I work for Red Hat, as I said. I've been there a year and a half. If you recognize some of these people, about 18 months ago Andrew Clay Shafer, on the left, invited us to come in to build this team at Red Hat, and it's been just a blast. Andrew Clay Shafer is on the left. To the right-hand is Kevin Behr. You probably know him as co-author of The Phoenix Project. That's me, the short guy, if you don't know me. And Jay Bloom has been working with Kevin Behr for years, working on his PhD in design transition. He really anchors the team brilliantly.
One of the things I've been trying to ask, this question, I've been looking at this DevSecOps. If we go back, we look at DevOps. DevOps is probably 12 years old. I like to say round it down to 10, but it's 12 years old by the name, the definition of the name. And DevSecOps is probably seven years. I like Shannon Lietz, who coined the term DevSecOps, wrote the DevSecOps manifesto in 2015.
One of the things I've been thinking about, this meta-question, is: what would DevSecOps look like if DevOps never existed? Hold on for a second. I know that's a terrible way to express this, but I wonder if all the good we've done in DevSecOps, did we try to solve a security problem using the lens of DevOps? In other words, did we take this square peg and just jam it into a round hole where a lot of things look like they work, we've advanced, but maybe we really haven't changed the behavior that we wanted?
I'd love to talk more about this if this is confusing to you or not. But as I visit companies, I look at people who have good hygiene, or what we would call high-performing organizations. I'll see a lot of companies that have high-performance traits in terms of how they deliver software, and then they've been very serious about bolting on or abstracting a security overlay on their DevOps modern delivery model. They might be doing their SAST and DAST and all those things, and I say that's a great thing. The glass is definitely half full in terms of DevSecOps.
But then those same organizations, when I talk to them, they'll talk about these structures like the three lines of defense, and sometimes it's an updated two lines, but it's lines. It's this idea where you're creating these walls or firewalls by design. There's a team that implements the control, the team that owns the control, and then if they don't catch it, if the first one doesn't get it, the second catches it, and internal audit.
I think about the original problem statement of DevOps, which was what Andrew Clay Shafer introduced at Velocity 2009. He had a presentation called "Agile Infrastructure," and he basically talked about this: development wanting change, this wall of confusion between the two from operations, and we all know the story here. We want to bust down the wall of confusion.
When I think about the three lines of defense, I think about Conway's Law. A lot of times in modern presentations, we talk about Conway's Law as moving from Waterfall, or not just Waterfall, but monoliths to microservices. But it also has an effect on general organizational design. The adage states that organizational designs and systems mirror the communication structure.

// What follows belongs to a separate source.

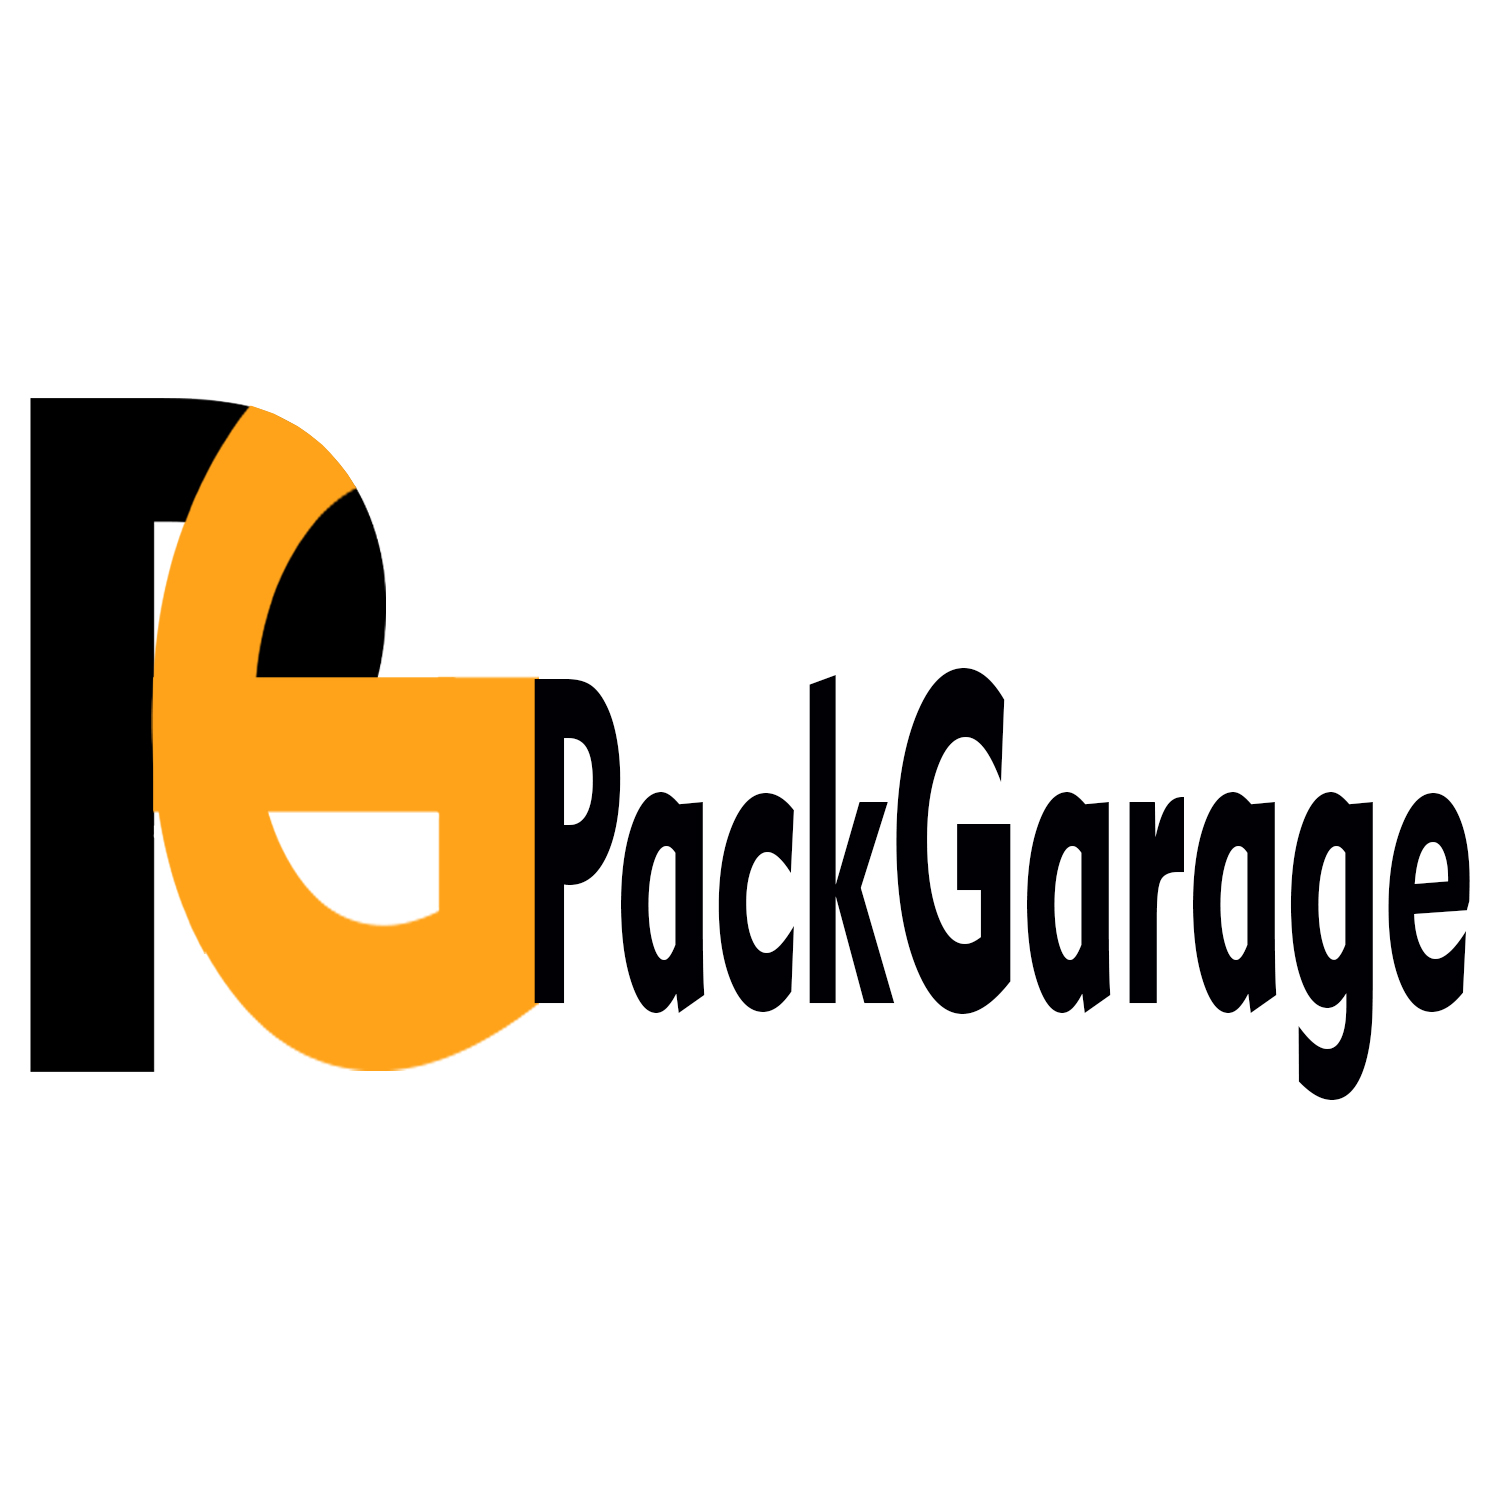 PackGarage

I'll give you a great example. If you ever had the chance to look at the Equifax breach, Congress did a really good report and write-up on this. There were many things that were very interesting, but one of the things was the actual CISO reported to the chief legal officer. Under testimony, when the CISO was asked, "How come you didn't report the breach to the CIO?" the answer was, "I didn't think about it." That organizational design and communication structure was set up to fail because the CISO is now reporting back to the chief legal officer, and that's the lens. Again, there were many other things there.

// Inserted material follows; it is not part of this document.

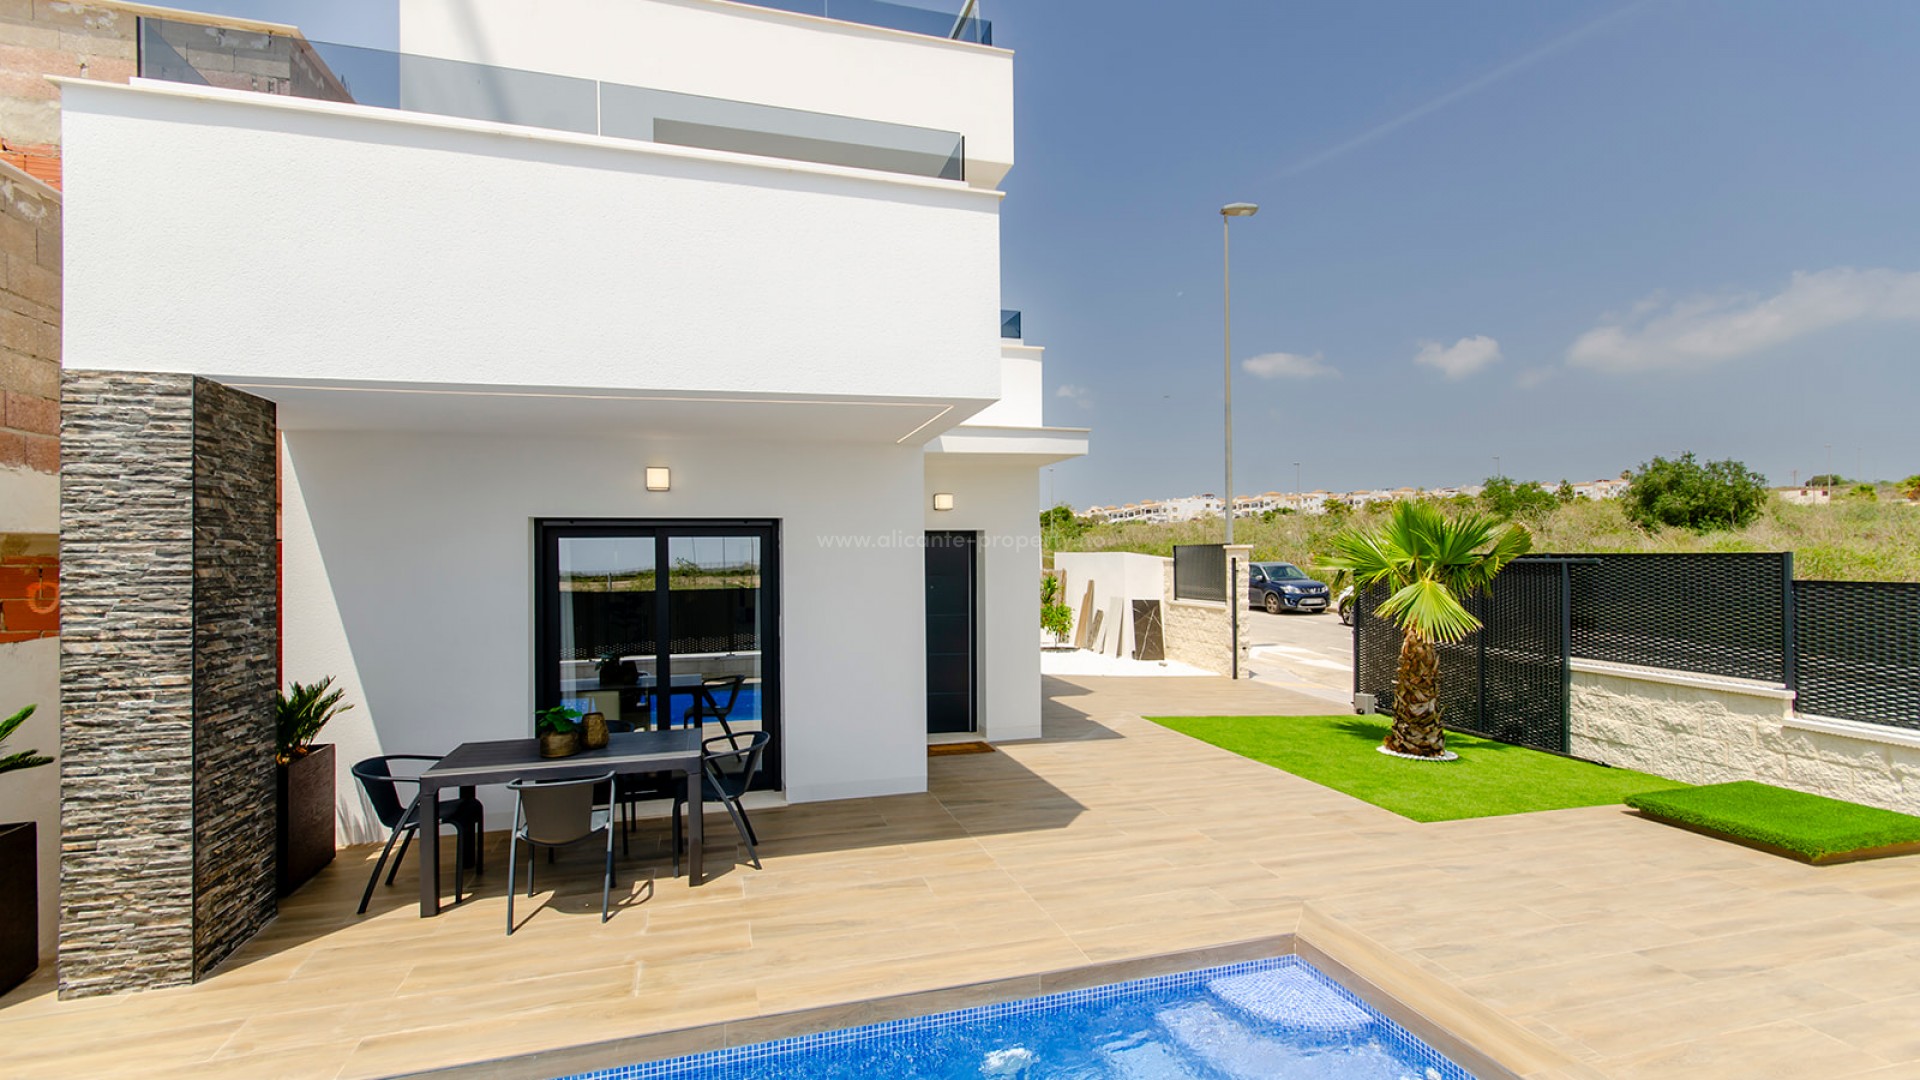 Villa/hus i Vistabella Golf med 3 soverom, 3 bad, en lys , moderne og luftig stue og spisestue, privat svømmebasseng, stor terrasse og solarium, parkering

So if I look at the three lines of defense, I'll take this liberty of saying possibly there are walls of confusion between these two. I know in a lot of organizations this is the case. What do we want to do? In DevSecOps, we're striving to take some of the opportunities that we had and created in DevOps. But in the cases where we're falling back to not changing the security model, just putting the square peg in the round hole, we're not getting the full value of collaborative, where what we really want is internal audit and second-line-of-defense control owners all together in the initial story, requirements, and design.
Again, that's just one of many examples I see that made me raise that question: would we be doing DevSecOps differently if there wasn't a DevOps? A lot of the things that I've been working on, I work in a couple of working groups, and this thing came up in one of the working groups focused on cloud, but it's a general way to look at things. We call it the minimal viable security posture, or just minimal viable security. The question that needs to be asked is: how do you prove that you're safe? How do you demonstrate that you're secure? And how do you do both?

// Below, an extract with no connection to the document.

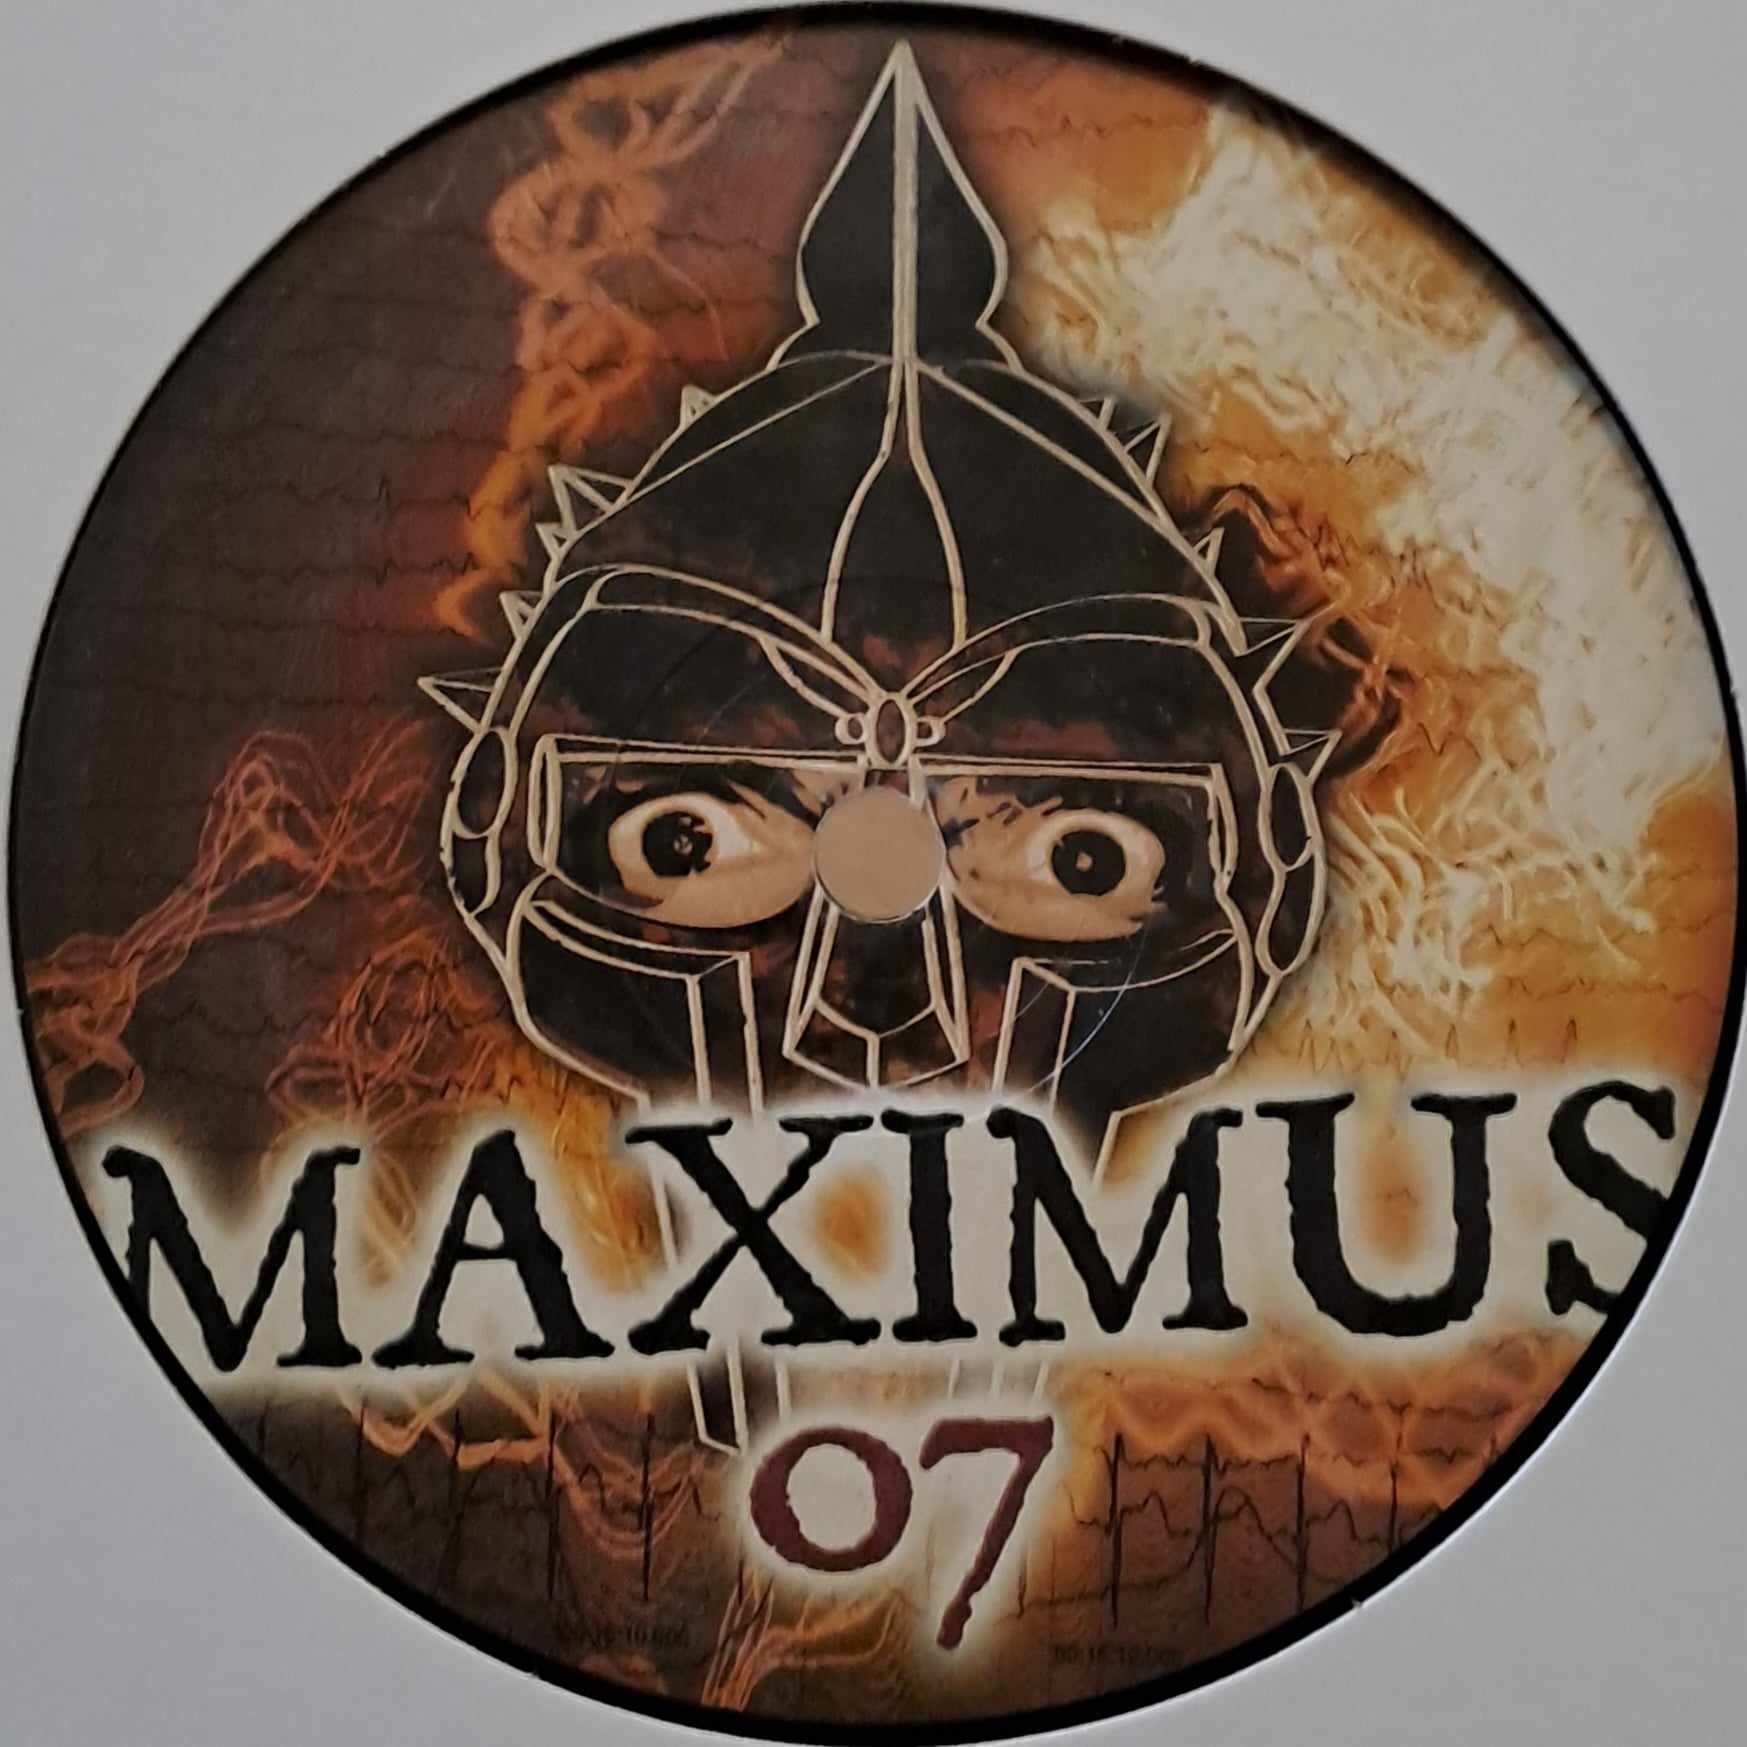 Maximus 07 - vinyle tribecore

It seems easy, but if you think about how we do things mostly today, the way we prove we're safe is typically change records, or what I would call implicitly defined or subjectively defined information, like humans describing stuff and those humans basically verifying other humans. The way we demonstrate, really, is audits. We do audits, and those are pretty much subjective, high toil. So is there a way that we can actually get true, "I want to prove that we're safe and demonstrate it"? I'm going to propose that there are some models.
This idea I've been playing with for a while now is called modern governance. The idea in general: if we're going to do security differently, then we need to think about any place we see implicit security models, can we be moving them to explicit proof-based models? Along those same lines, in order to transition, we should be thinking about anything that we're doing from a subjective perspective and moving it to objective and even verifiable. I'll show you an example of that here.
One of the things I've worked up is, and this is going to be a terrible phrase, sorry, but I sort of think that there has to be a definition that includes something like post-cloud-native modernization. It's terrible, but it's a way for me to think about what are the problems related to this place we're in, where we're using all this new technology and we're changing our behaviors with DevOps and all those things.
I started thinking about what are really the three most important things if we're talking about this post-cloud-native modernization. It's risk, defense, and trust. Remember I told you I want to go from implicit to explicit or subjective to objective. What I really want to do is subjective to objective and verifiable.
If we look at each one of these, if we look at risk, we want to move from change management and humans telling stories in a change record, to auditors reviewing those and asking for further clarification of stories, or pointing to log records, or looking for screen prints and creating high levels of toil, to maybe a more objective, digitally signed evidence where no human is really involved except the audit is just looking at it. I like to say think blockchain, basically don't use blockchain, but something like that of all the evidence that happens, like your commits, the human things, the review on a commit or review on a pull request or pairing on a pull request, or all the things, the SAST log.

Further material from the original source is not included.